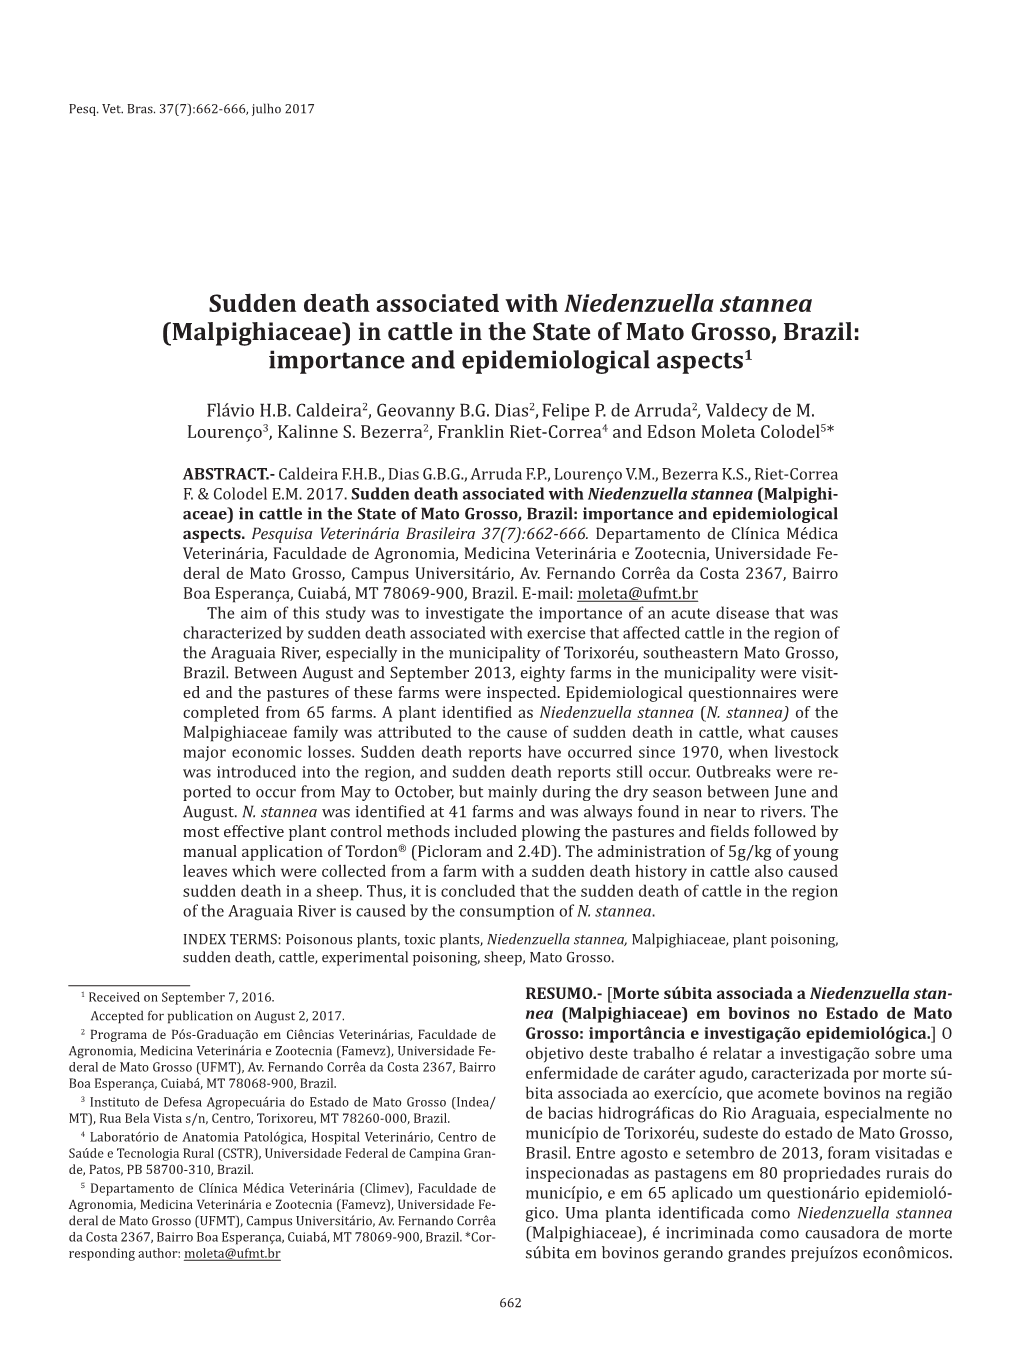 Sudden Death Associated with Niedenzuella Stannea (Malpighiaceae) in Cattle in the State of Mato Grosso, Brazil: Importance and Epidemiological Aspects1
...
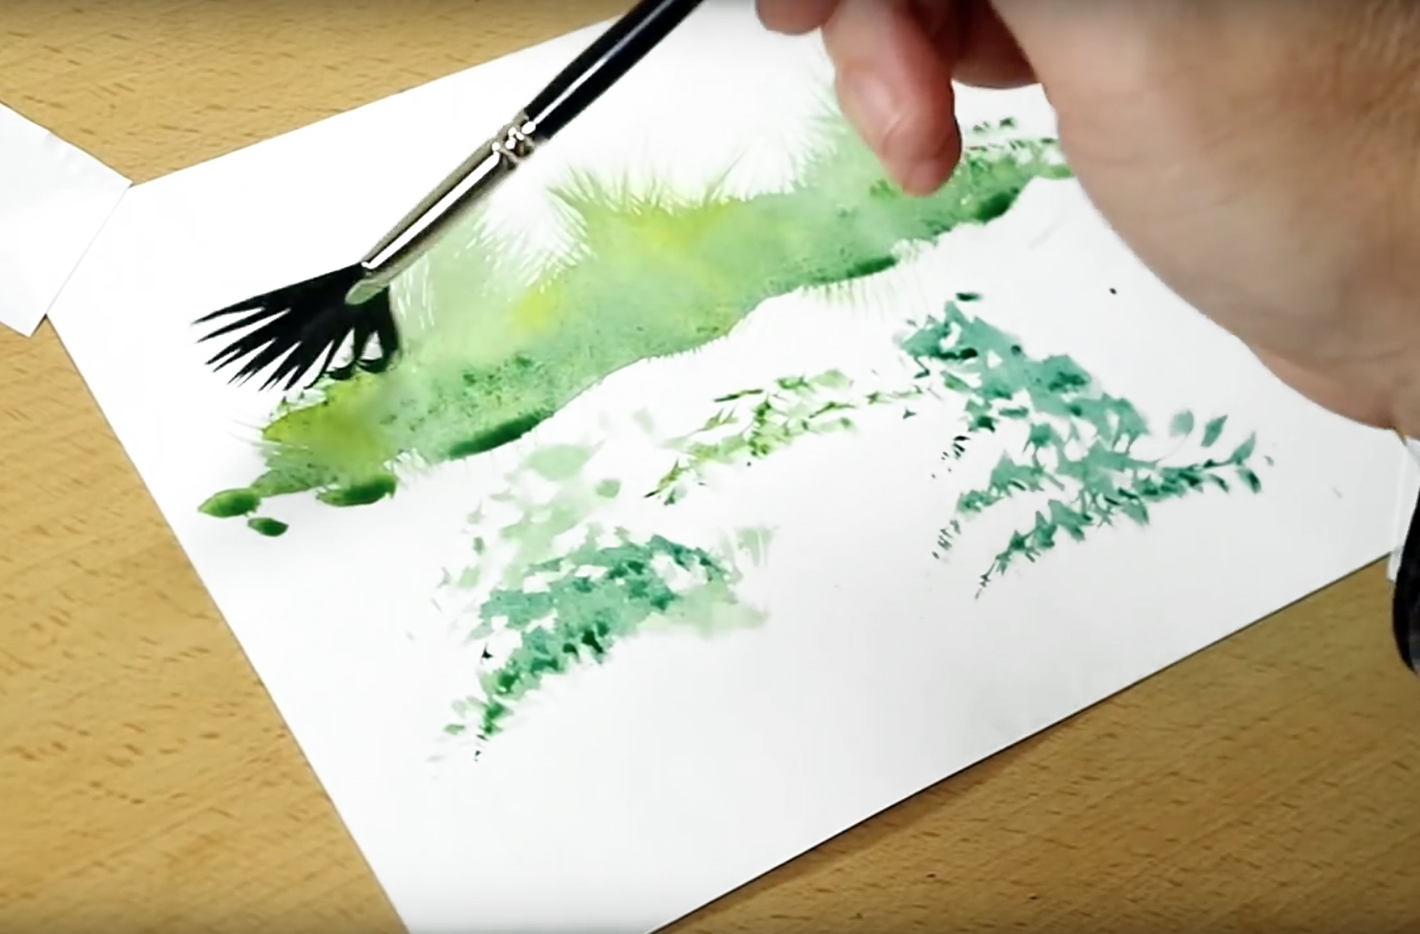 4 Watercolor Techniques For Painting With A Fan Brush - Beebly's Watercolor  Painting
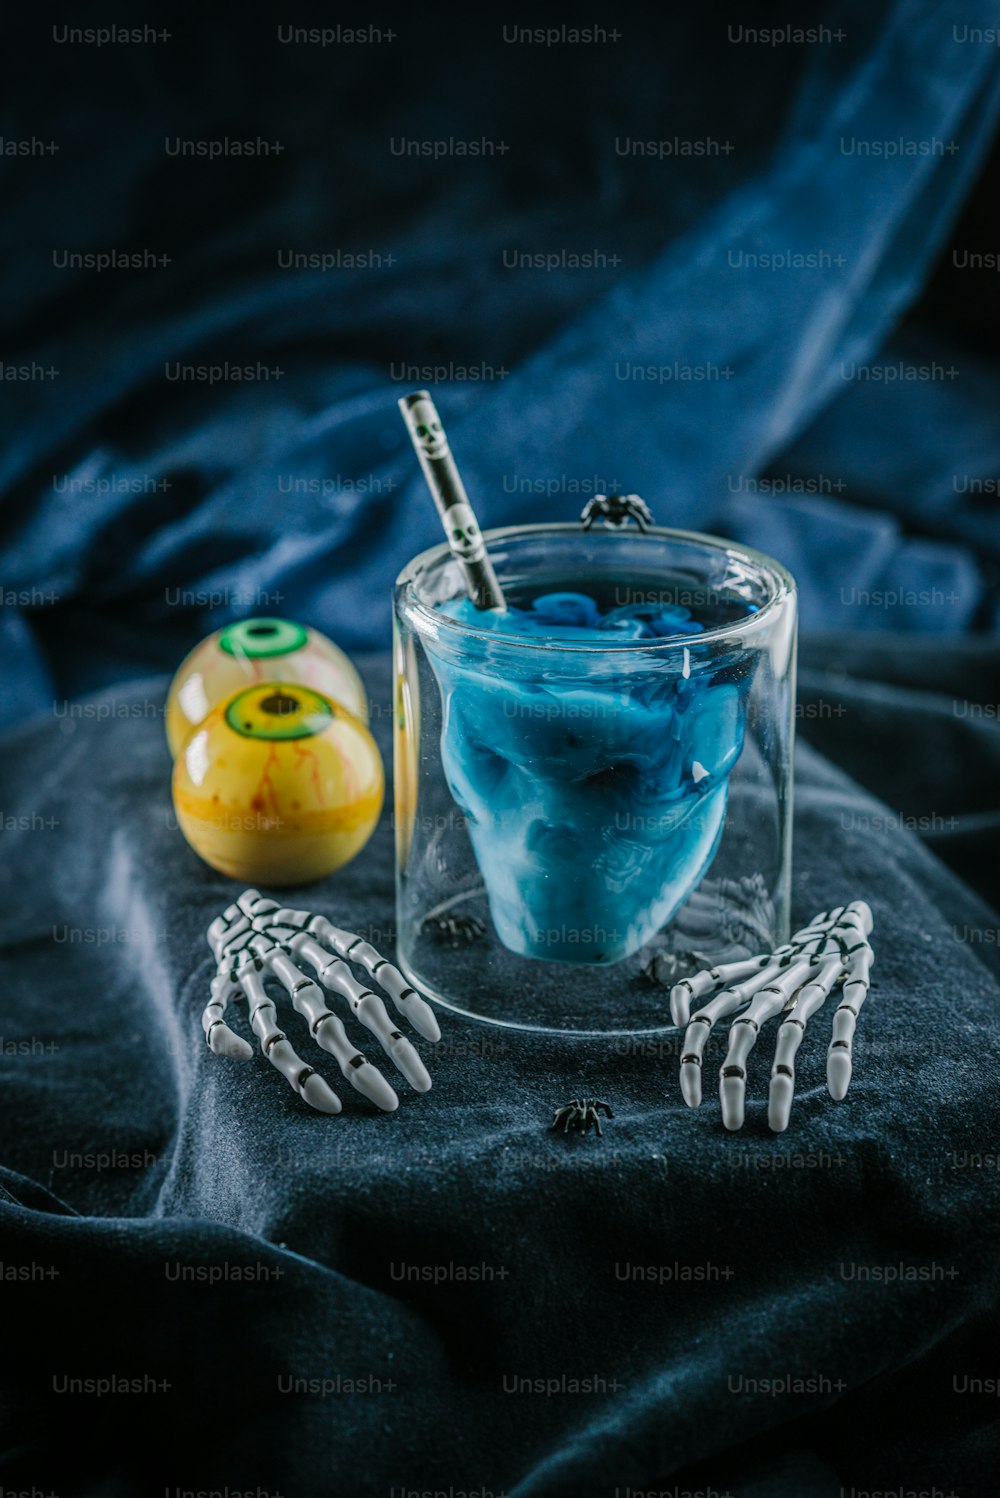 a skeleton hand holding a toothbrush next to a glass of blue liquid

## [Requirement]
Given the listing above, repeat exactly the lines starting at the one with "4 Watercolor Techniques" and ending at the one with "a skeleton hand", inclusive, excluding pictures.

## [Reply]
 4 Watercolor Techniques For Painting With A Fan Brush - Beebly's Watercolor  Painting
 a skeleton hand holding a toothbrush next to a glass of blue liquid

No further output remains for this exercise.